The texts that Joseph Smith restored to the Old Testament constitute a perfect confirmation of Jacob's testimony. For instance, Joseph Smith restores to us the account of an angel appearing to Adam to inquire why he was offering sacrifices. Adam confessed that he did not know why he was doing so, other than the fact that God had commanded him to do so. The angel then explained: "This thing is a similitude of the sacrifice of the Only Begotten of the Father, which is full of grace and truth. Wherefore, thou shalt do all that thou doest in the name of the Son forevermore." (Moses 5:7-8.)

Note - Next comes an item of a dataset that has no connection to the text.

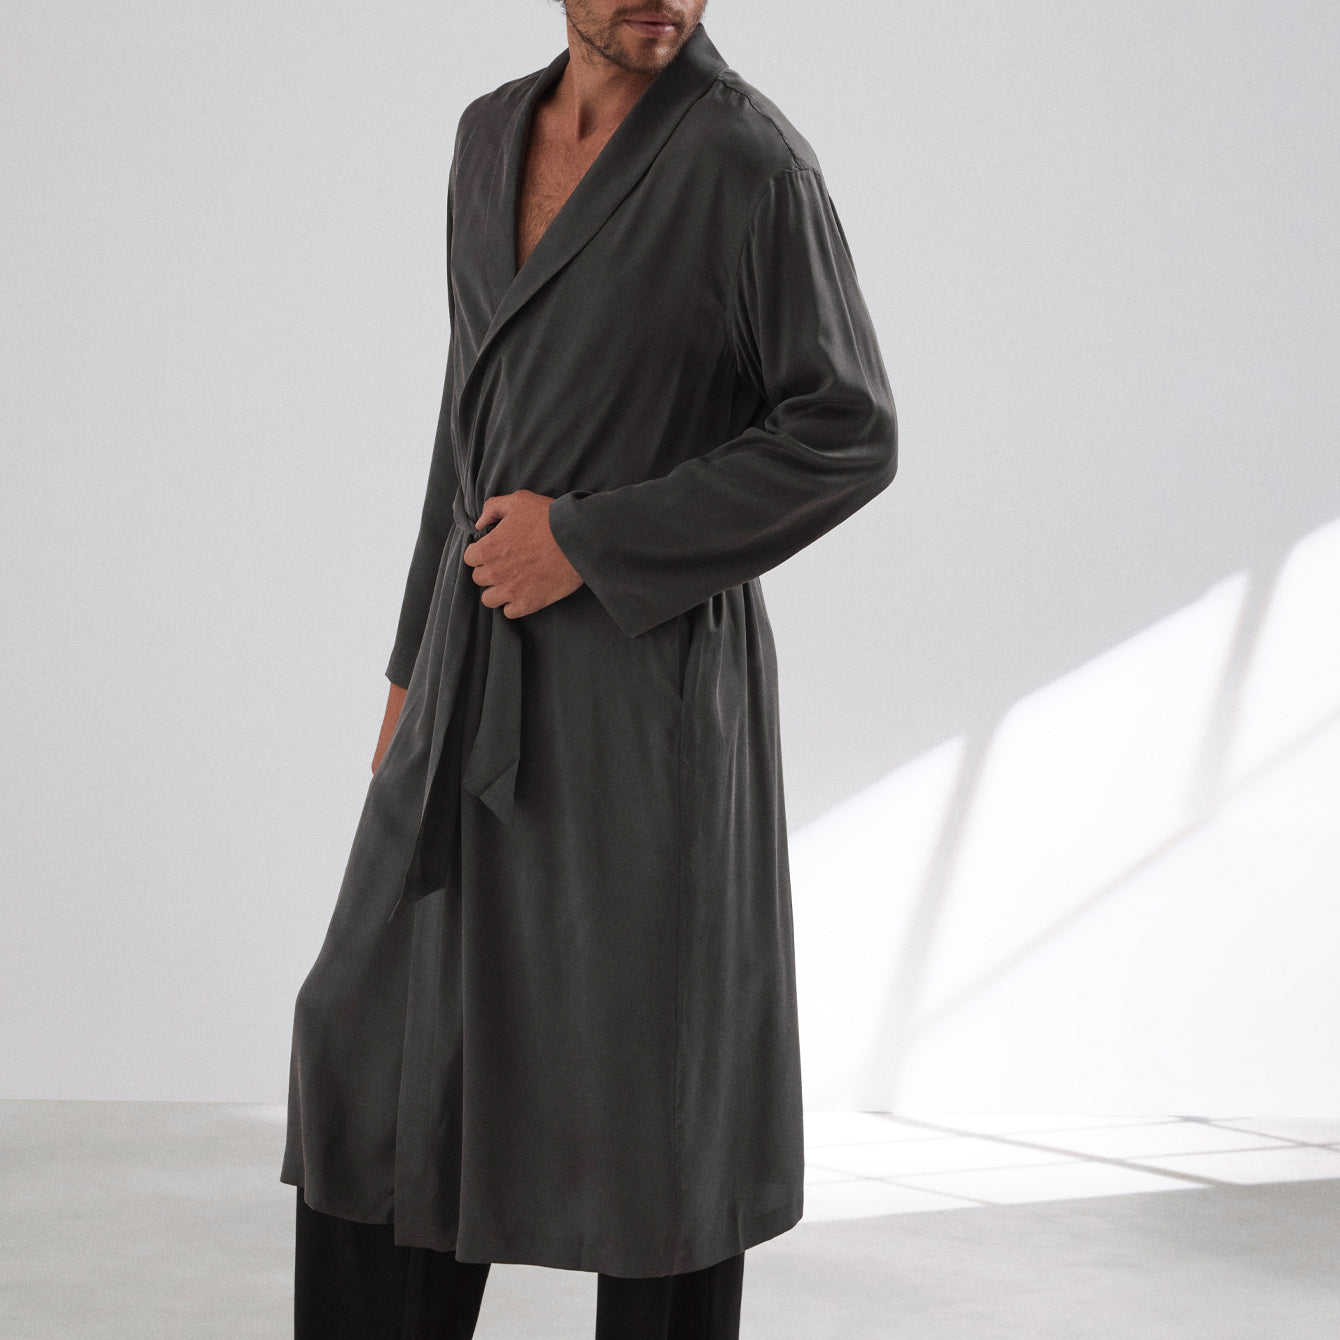 Men's Washable Silk Robe - #Meditative Grey

Joseph F. Smith, describing the faithful Saints of the Old Testament times, affirms these same truths. He described those to whom Christ preached between His death and resurrection as "an innumerable company of the spirits of the just, who had been faithful in the testimony of Jesus while they lived in mortality; and who had offered sacrifice in the similitude of the great sacrifice of the Son of God, and had suffered tribulation in their Redeemer's name." (D&C 138:12-13.)
This means that the grace of Christ and the message of salvation was not limited to the relative few who heard from Christ or His disciples or the relatively few who have been privileged to hear it since. It assures us that in Old Testament times "an innumerable" host enjoyed the blessings of the gospel. Surely, it would be difficult to exercise faith in a God who had no provision to save the greater part of His own creation. Coupled with the doctrine of the redemption of the dead, which provides for the teaching of the gospel in the spirit world and the performance of vicarious ordinances in our temples, the Latter-day Saints can worship a truly just and merciful God. Frankly, without such knowledge the gospel of Jesus Christ makes little sense.
We can learn much about Jacob's testimony of Christ from his confrontation with Sherem, a classic anti-Christ. Significantly, Sherem professed a belief in both the law of Moses and the scriptures. He argued that Jacob was perverting the law by testifying that it was a witness of Christ and that the people of that day could receive revelation. (See Jacob 7:6-7, 10.) Jacob's response to this voice of darkness was to say that to understand scripture and to truly believe scripture is to believe in Christ, for "none of the prophets have written, nor prophesied, save they have spoken concerning this Christ." (Jacob 7:11.) Surely, all scripture testifies of Christ and stands as a witness that the principle of revelation was intended to be ongoing. No one who truly had the Spirit of God could testify otherwise.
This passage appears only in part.